WORK REQUIRED -> Return the material below exactly, but only from the line with "Hermes Kelly 28" through the line with "Копилка сейф для", and without its pictures.

DATA ->

_ _ _ _

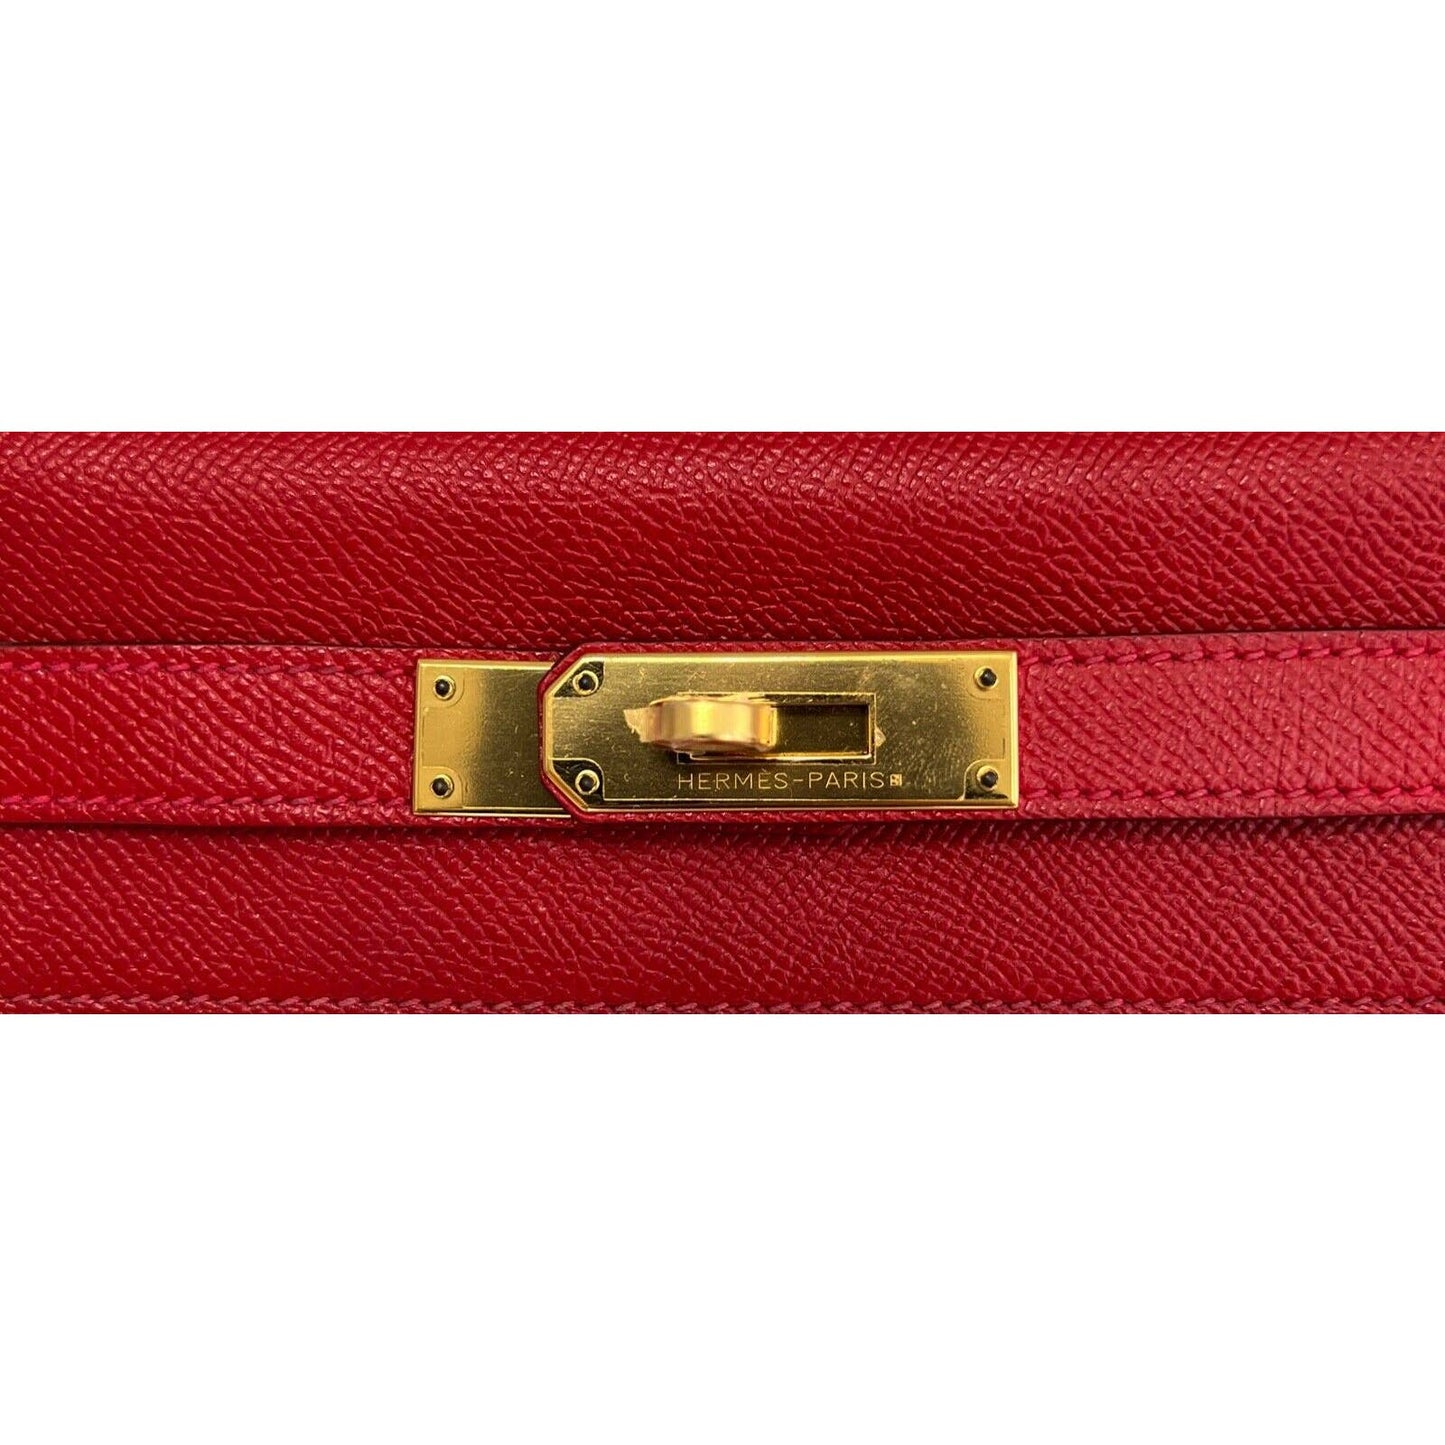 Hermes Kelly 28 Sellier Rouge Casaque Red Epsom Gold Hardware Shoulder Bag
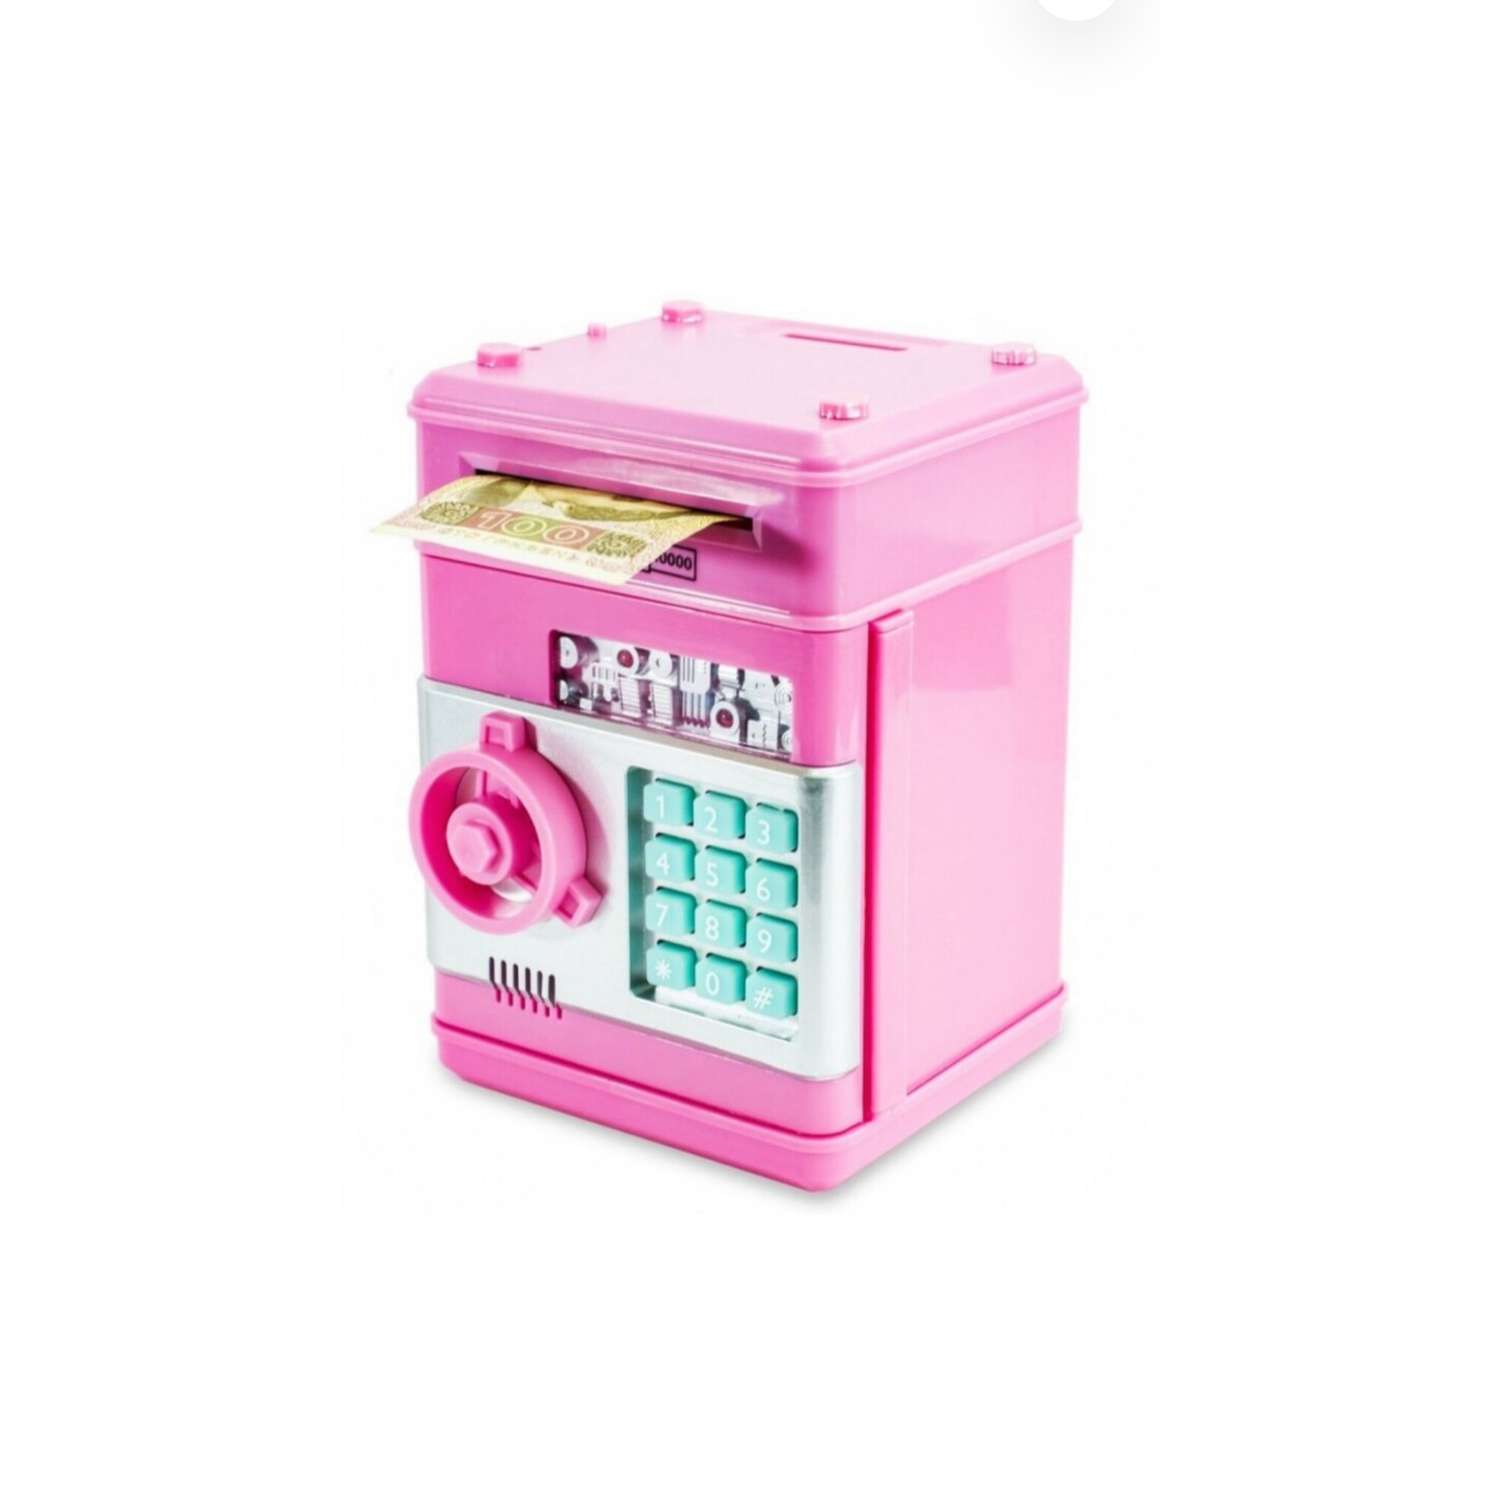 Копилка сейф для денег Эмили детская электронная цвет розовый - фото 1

_ _ _ _

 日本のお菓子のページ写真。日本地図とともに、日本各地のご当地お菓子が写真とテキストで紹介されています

_ _ _ _

SOLVED EXERCISE ->
 Hermes Kelly 28 Sellier Rouge Casaque Red Epsom Gold Hardware Shoulder Bag
 Копилка сейф для денег Эмили детская электронная цвет розовый - фото 1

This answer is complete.